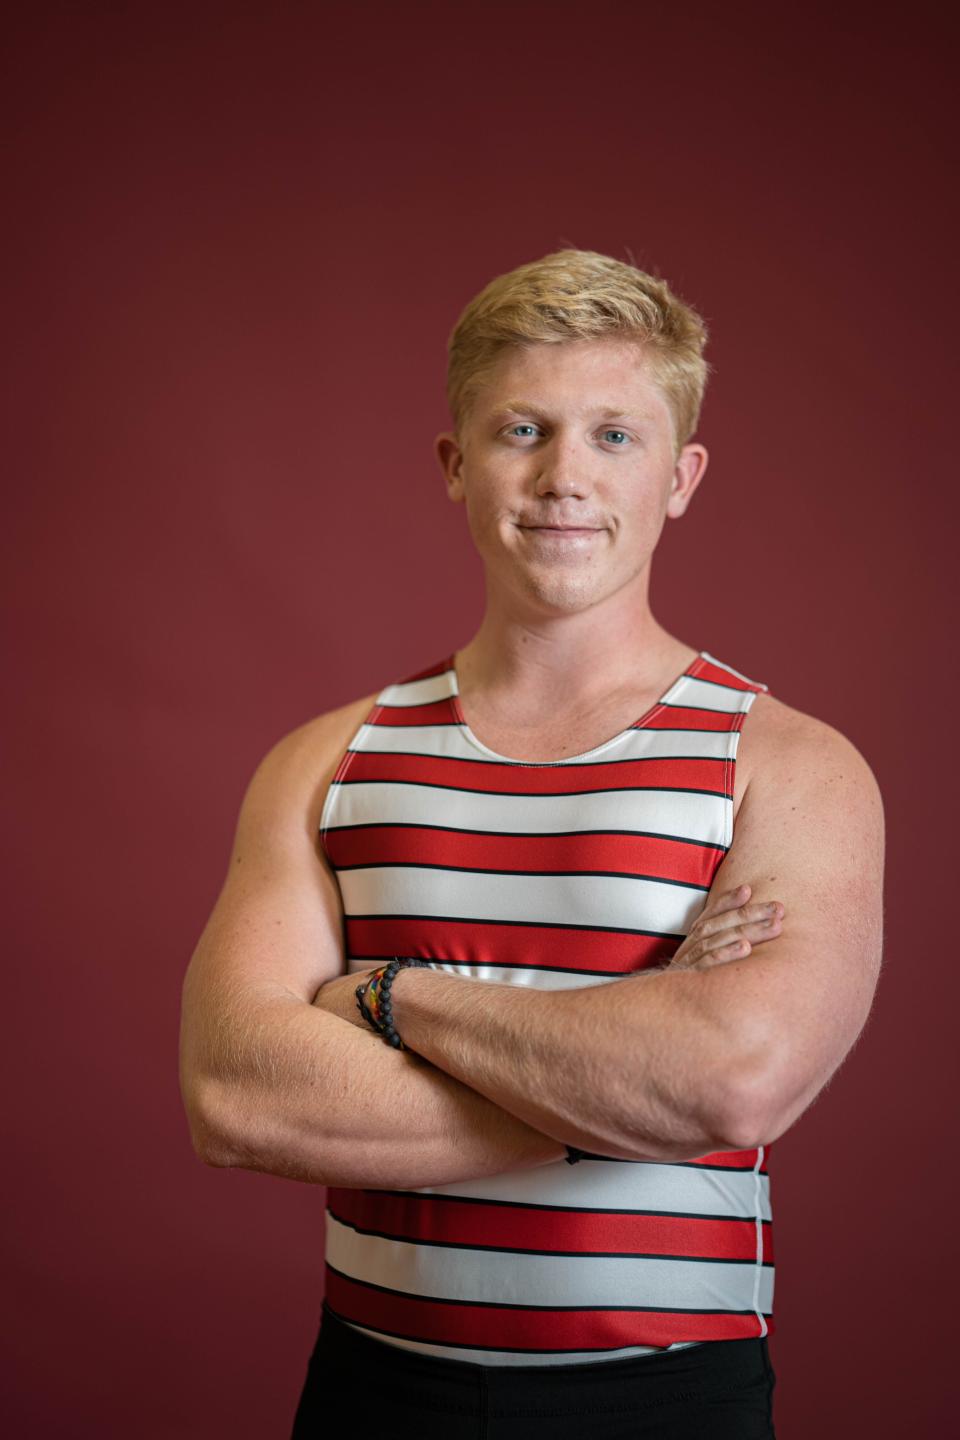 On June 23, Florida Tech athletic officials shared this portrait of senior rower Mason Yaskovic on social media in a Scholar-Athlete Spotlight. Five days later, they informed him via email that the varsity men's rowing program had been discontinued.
::::::
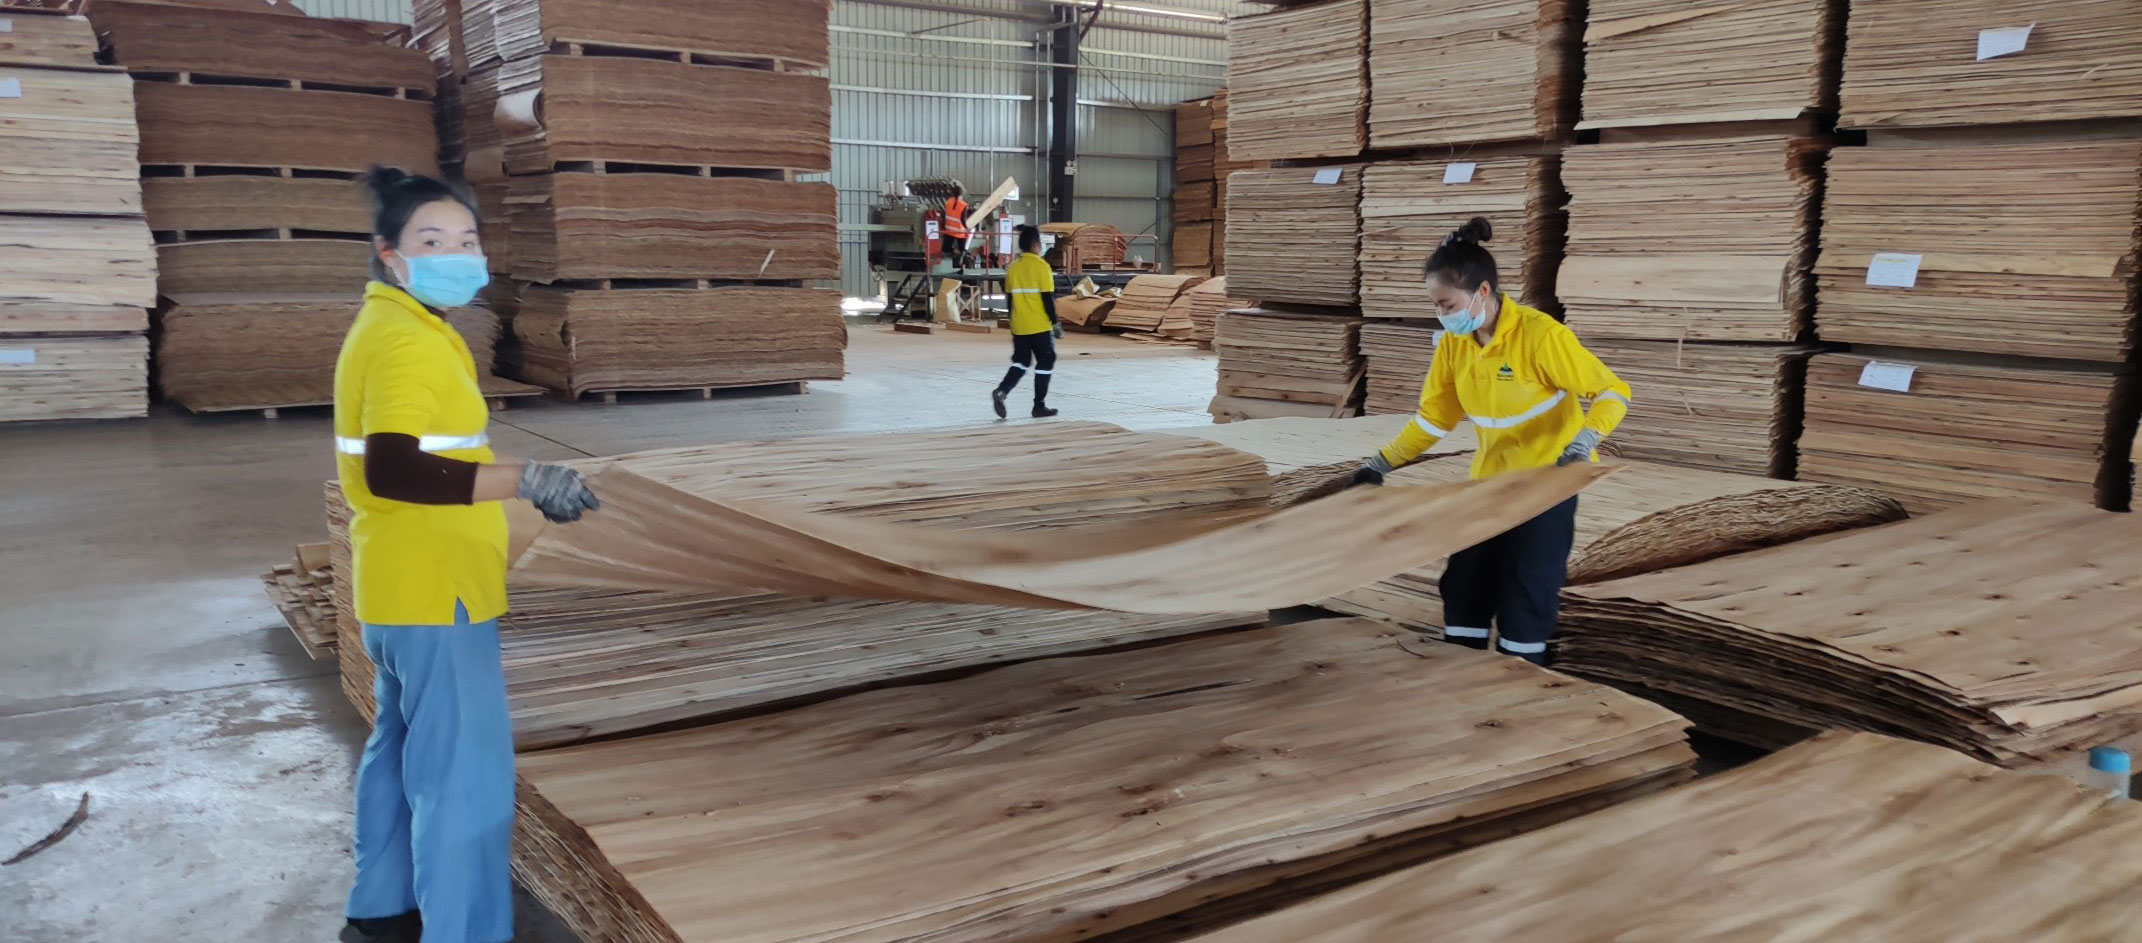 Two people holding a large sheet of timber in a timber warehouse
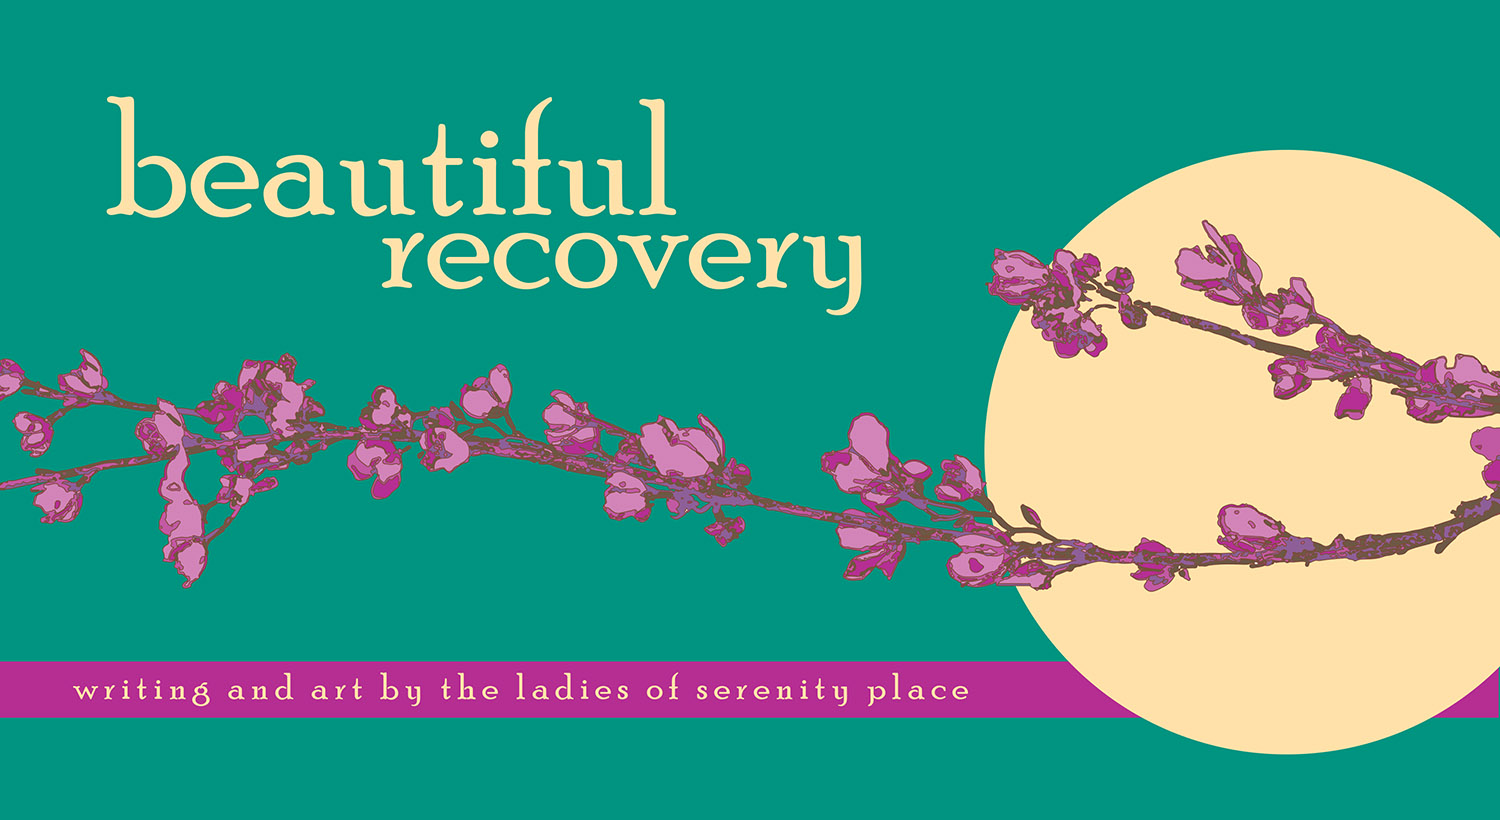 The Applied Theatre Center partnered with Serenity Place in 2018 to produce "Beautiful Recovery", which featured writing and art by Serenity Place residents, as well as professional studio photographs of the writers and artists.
::::::
Transcribe, from the material above, the stretch starting at the line with "Two people holding" and ending at the line with "The Applied Theatre", both included, exactly. Do not carry over pictures.

 Two people holding a large sheet of timber in a timber warehouse
 The Applied Theatre Center partnered with Serenity Place in 2018 to produce "Beautiful Recovery", which featured writing and art by Serenity Place residents, as well as professional studio photographs of the writers and artists.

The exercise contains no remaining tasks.